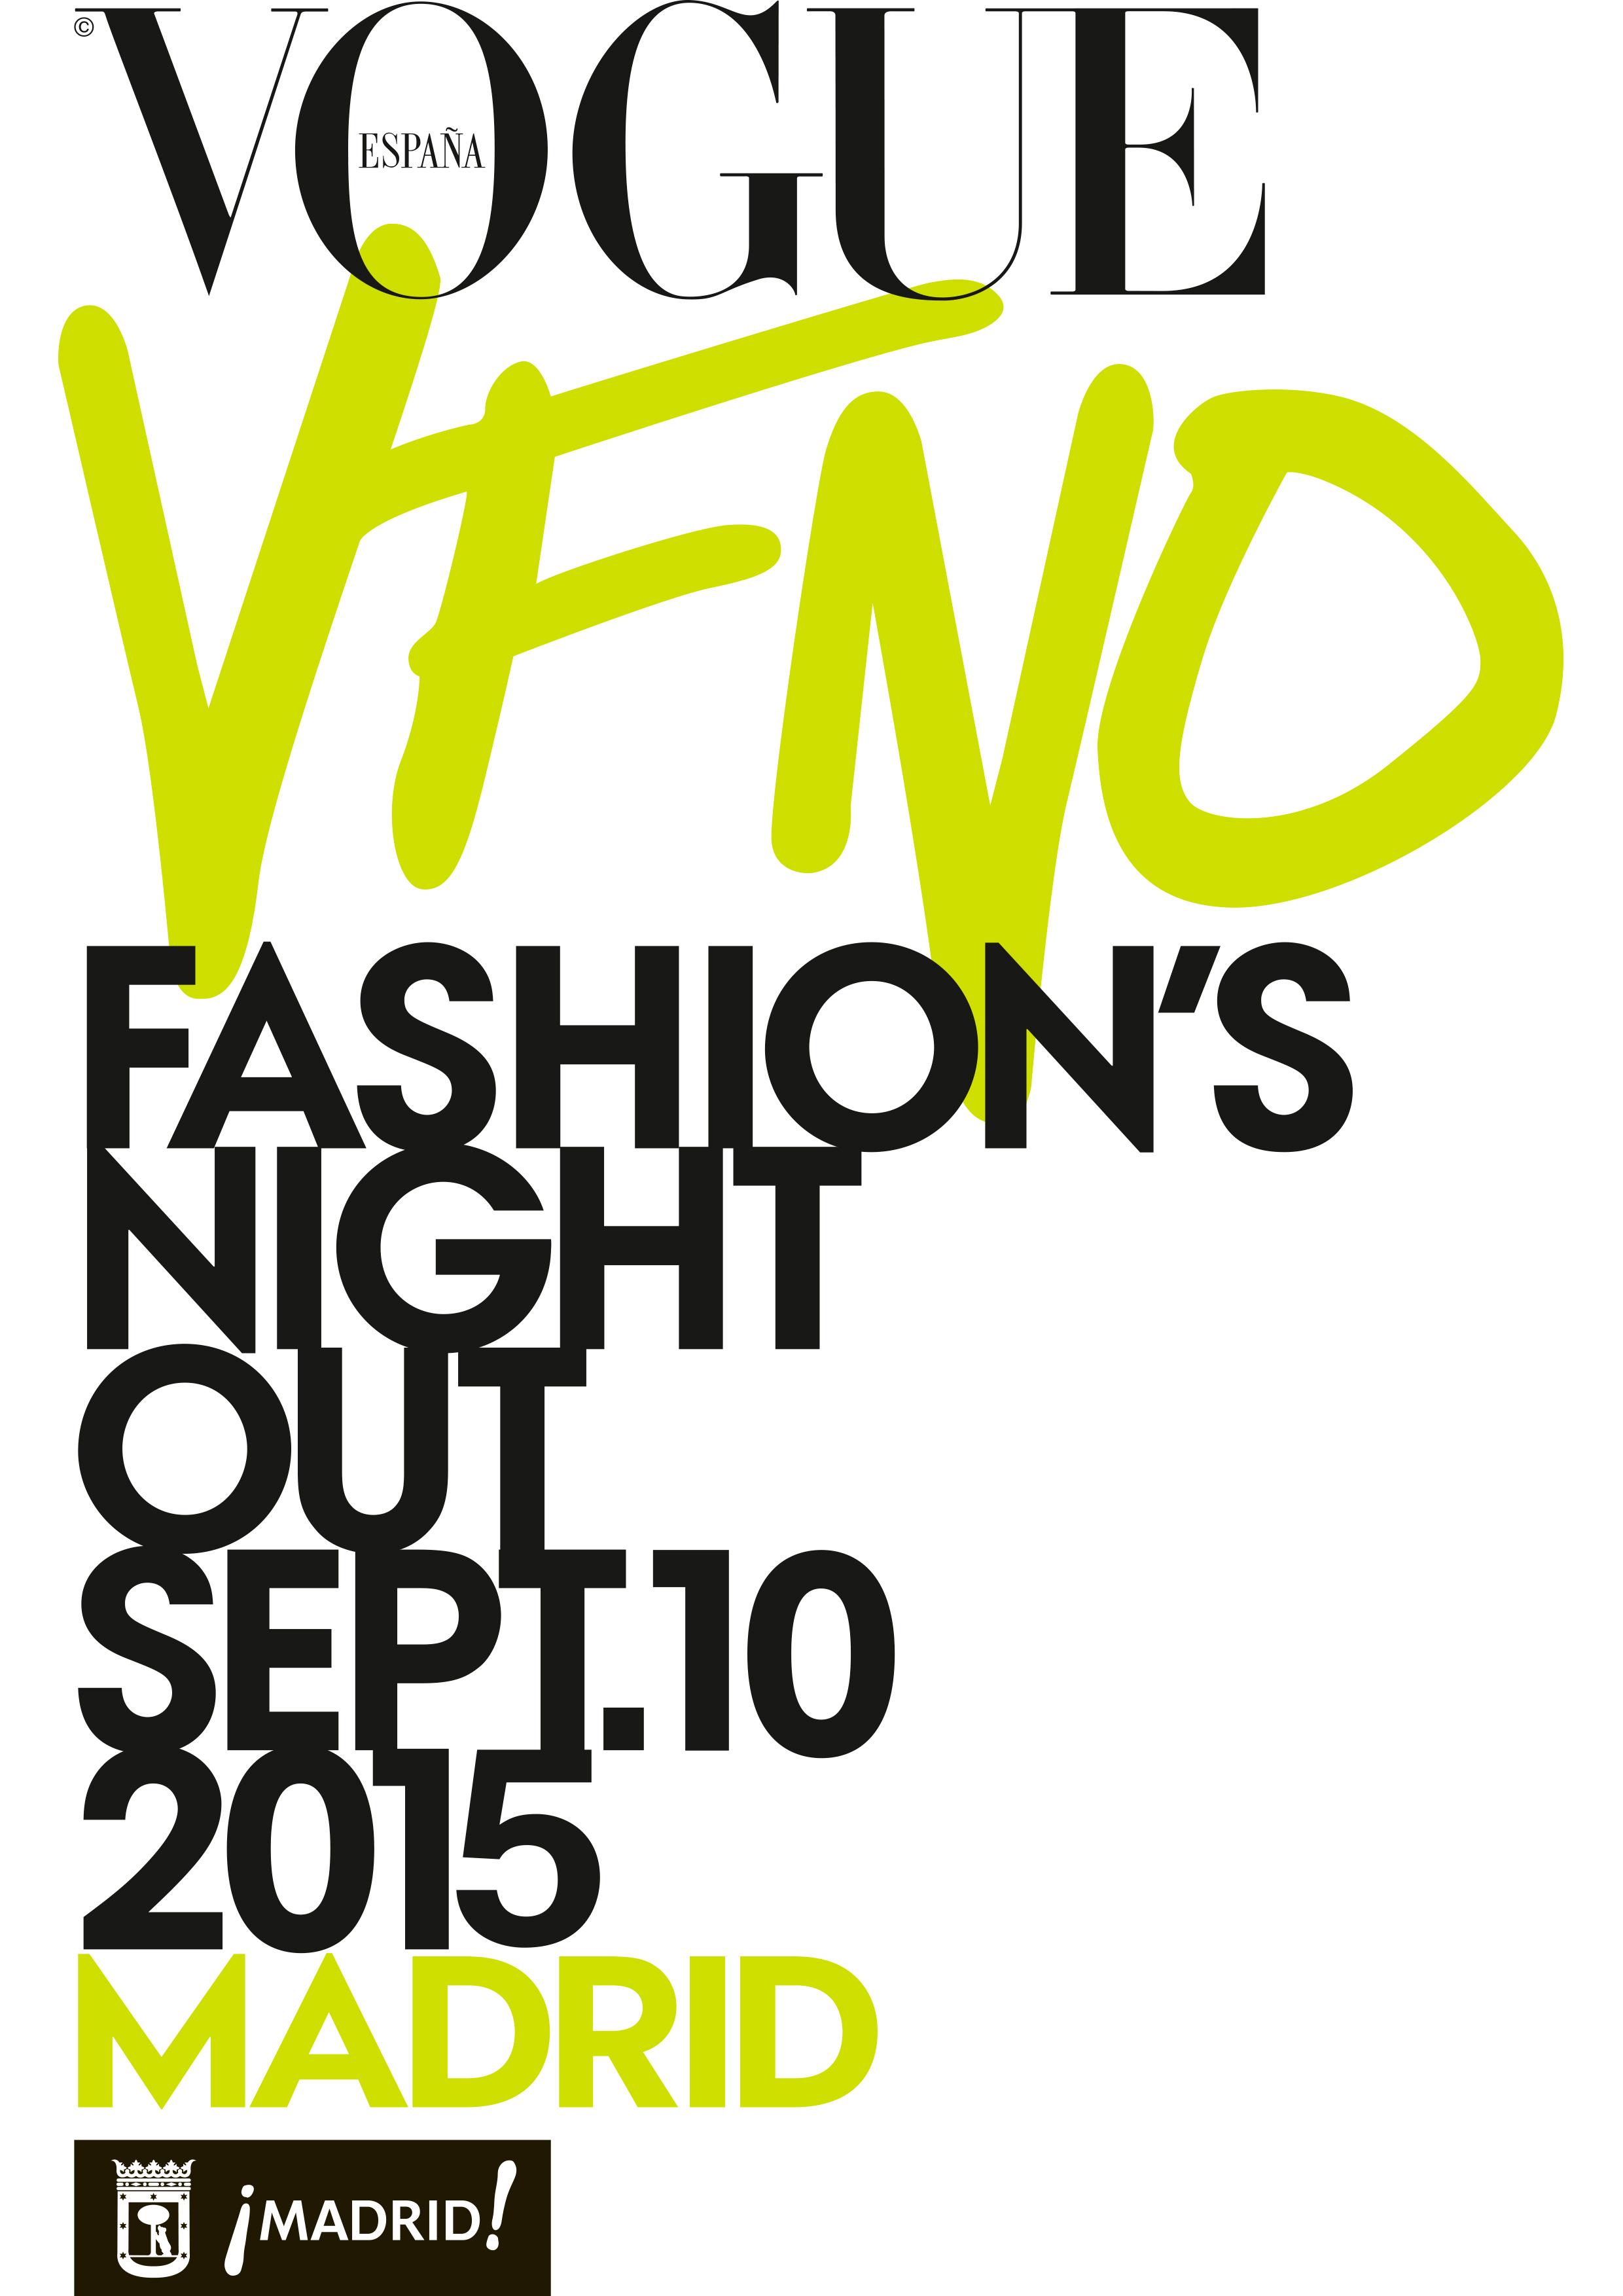 760beb69ef Oh my Cut! en la Vogue Fashion´s Night Out 2015 de Madrid - Oh my ...
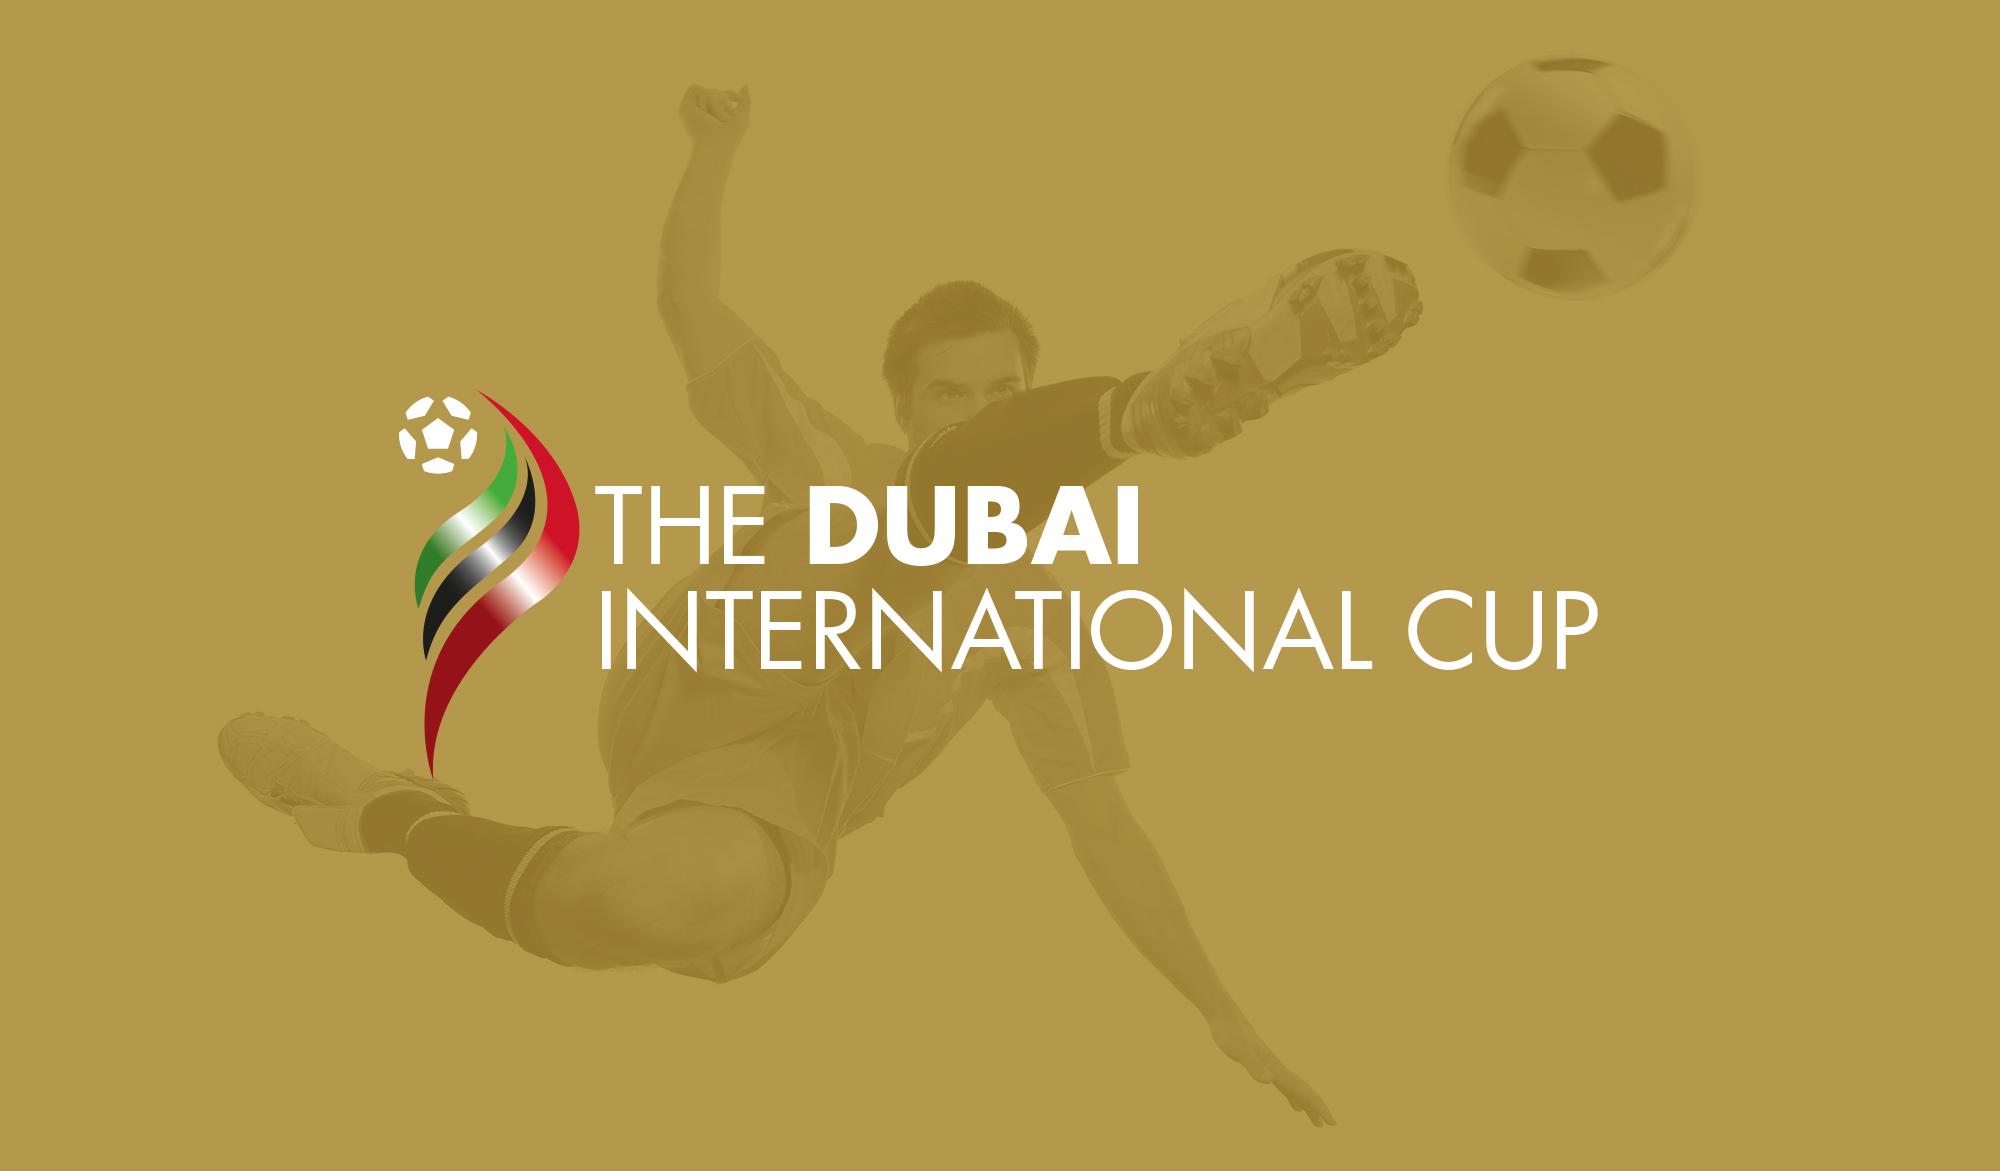 The Dubai International Cup logo
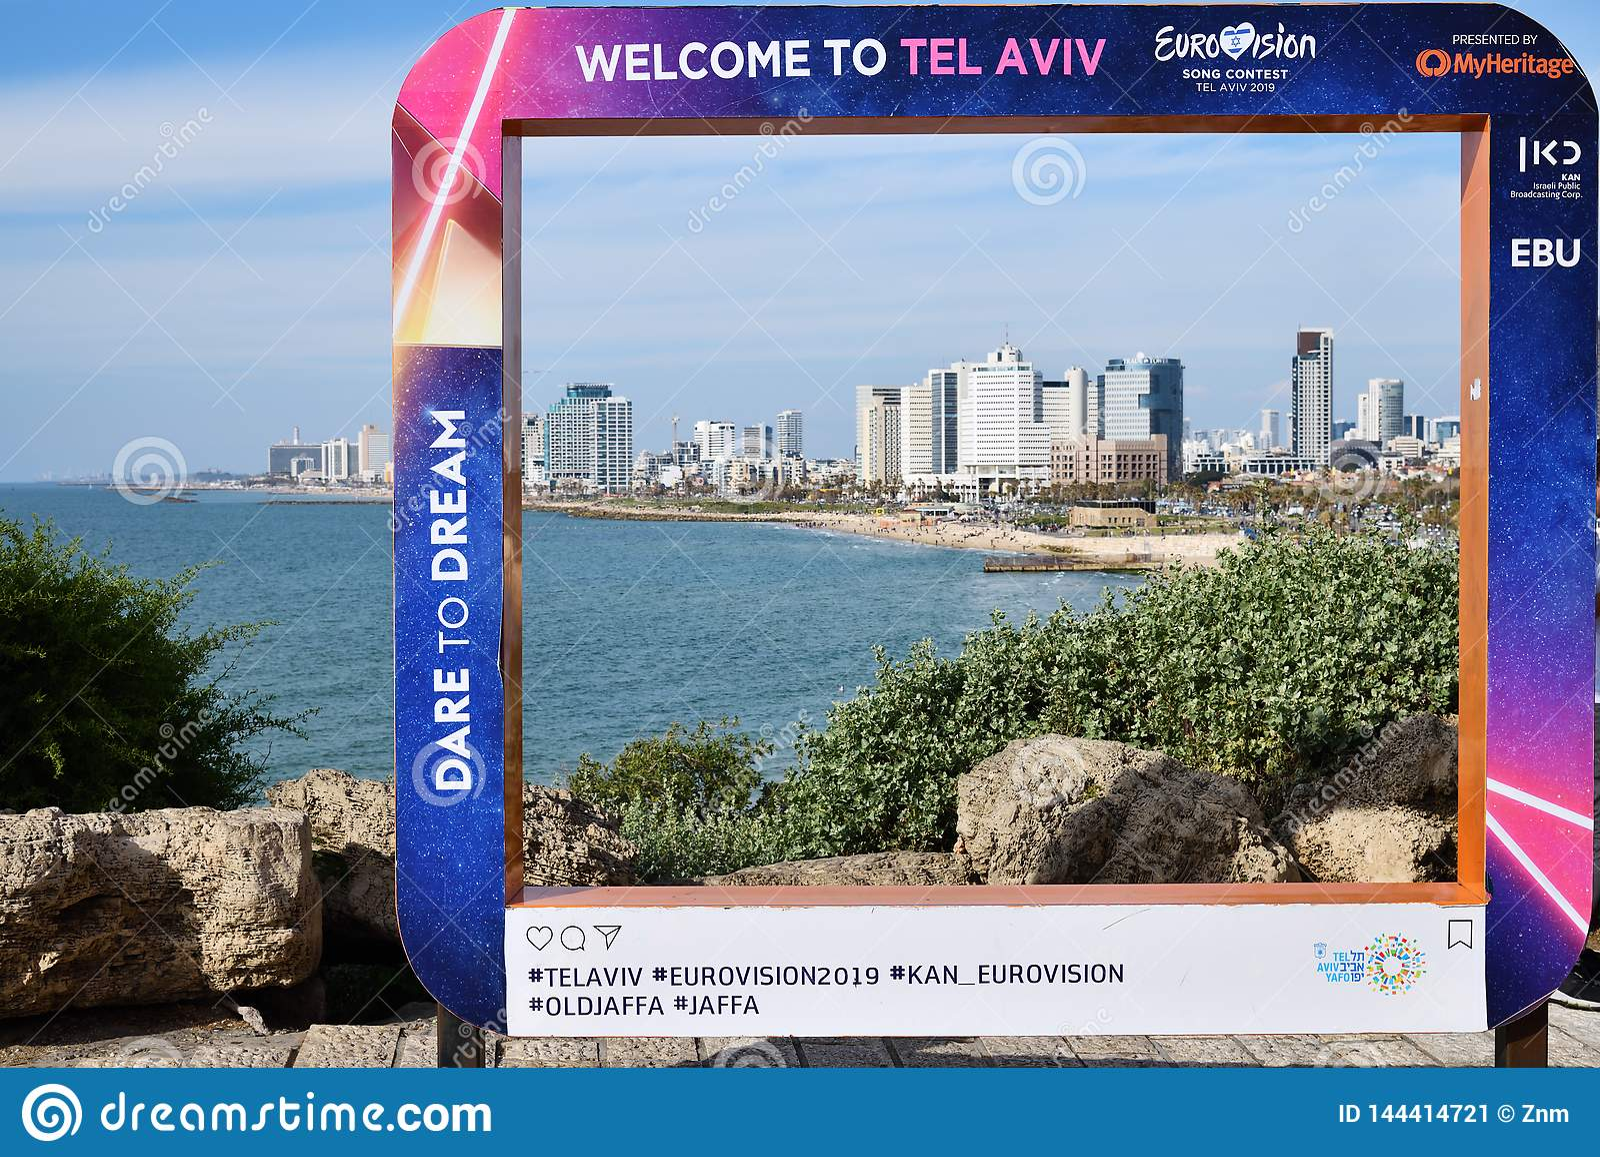 Eurovision Song Contest 2019 Tel Aviv poster. Israel

WHAT IS NEEDED:
To complete this exercise, repeat exactly the lines above from the one holding "The Dubai International Cup logo" to the end of the listing, both included, and leave the pictures out.

ANSWER BOX:
 The Dubai International Cup logo
 Eurovision Song Contest 2019 Tel Aviv poster. Israel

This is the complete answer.